On Reachability for Hybrid Automata over Bounded Time

This paper investigates the time-bounded version of the reachability problem for hybrid automata. This problem asks whether a given hybrid automaton can reach a given target location within T time units, where T is a constant rational value. We show that, in contrast to the classical (unbounded) reachability problem, the timed-bounded version is decidable for rectangular hybrid automata provided only non-negative rates are allowed. This class of systems is of practical interest and subsumes, among others, the class of stopwatch automata. We also show that the problem becomes undecidable if either diagonal constraints or both negative and positive rates are allowed.

💡 Research Summary

The paper studies the time‑bounded reachability problem for hybrid automata, asking whether a given hybrid automaton can reach a target location within a fixed rational time bound T. While classical (unbounded) reachability is undecidable for many hybrid models, the authors show that imposing a time bound dramatically changes the decidability landscape.

The main positive result is that for rectangular hybrid automata (RHA) with only non‑negative rates, time‑bounded reachability is decidable.
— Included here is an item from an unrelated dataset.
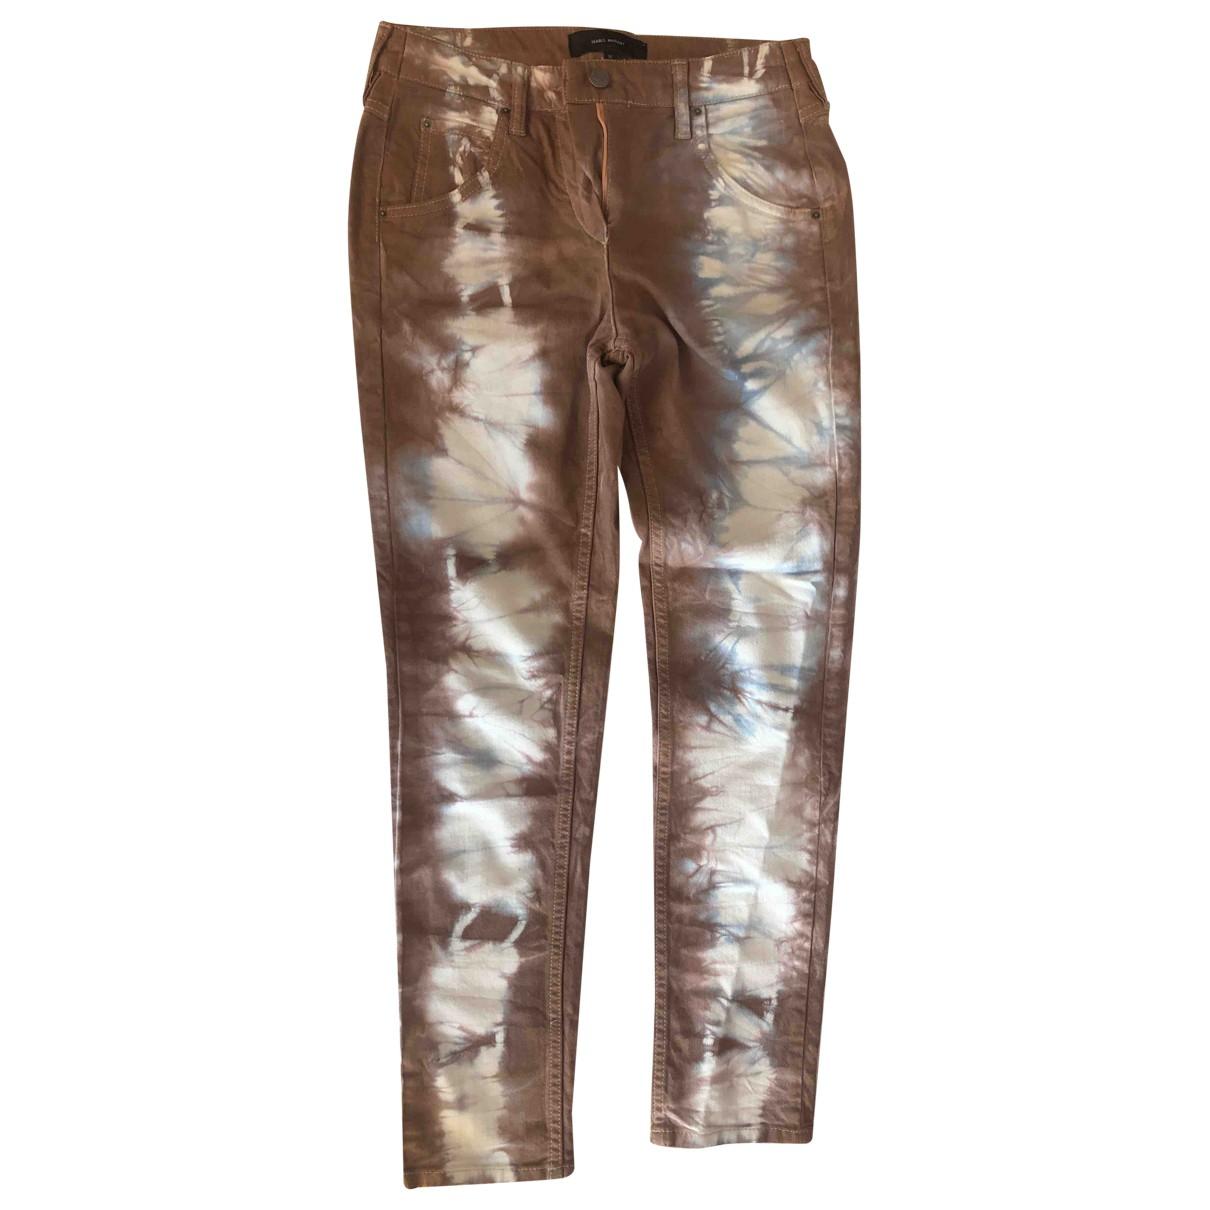 Isabel Marant \N Cotton - elasthane Jeans for Women 36 FR

The proof proceeds by establishing a uniform bound K(H,T) on the number of discrete transitions that any T‑time‑bounded run can contain. This bound depends linearly on the number of variables, the maximal absolute rate appearing in the automaton, and the time bound T. Consequently, any successful run can be compressed to a finite sequence of at most K(H,T) steps. The authors then encode the existence of such a bounded‑length run as a formula in the first‑order theory of the reals (existential linear arithmetic). Since the existential theory of the reals is decidable in EXPSPACE, the time‑bounded reachability problem for non‑negative RHA is decidable.

To simplify the reduction, the paper shows that one can, without loss of generality, assume (i) guards contain no strict inequalities, (ii) all resets are deterministic (either reset to a constant or left unchanged), and (iii) each guard is either trivially true or a conjunction of equalities of the form x₁=1∧…∧x_k=1, with corresponding resets setting the primed variables to 0. These syntactic normalisations preserve the existence of T‑bounded runs while making the logical encoding straightforward.

On the negative side, the authors prove two undecidability results. First, if both positive and negative rates are allowed, the time‑bounded reachability problem becomes undecidable. The proof reduces the halting problem of a two‑counter machine to time‑bounded reachability by encoding counter values as continuous variables and using negative rates to simulate decrements. Second, if diagonal constraints (e.g., x−y≤c) are permitted in guards, even with only non‑negative rates, the problem is undecidable. Diagonal constraints enable direct comparison of counters, allowing a faithful simulation of a two‑counter machine within a bounded time frame. Both reductions show that a T‑bounded run exists if and only if the corresponding two‑counter machine halts, establishing undecidability.

The paper also discusses the relevance of these results to practical models. The class of non‑negative RHA includes stopwatch automata, a widely used subclass for modeling timers and clocks. While unbounded reachability for stopwatch automata is known to be undecidable, the time‑bounded variant is now shown to be decidable, opening the door to automated verification tools based on SMT solvers for real arithmetic.

In summary, the work delineates a clear frontier: time‑bounded reachability is decidable for rectangular hybrid automata with only non‑negative rates, but becomes undecidable as soon as either negative rates or diagonal guards are introduced. This contributes both a theoretical understanding of hybrid system verification under time constraints and practical guidance for designing models amenable to automated analysis.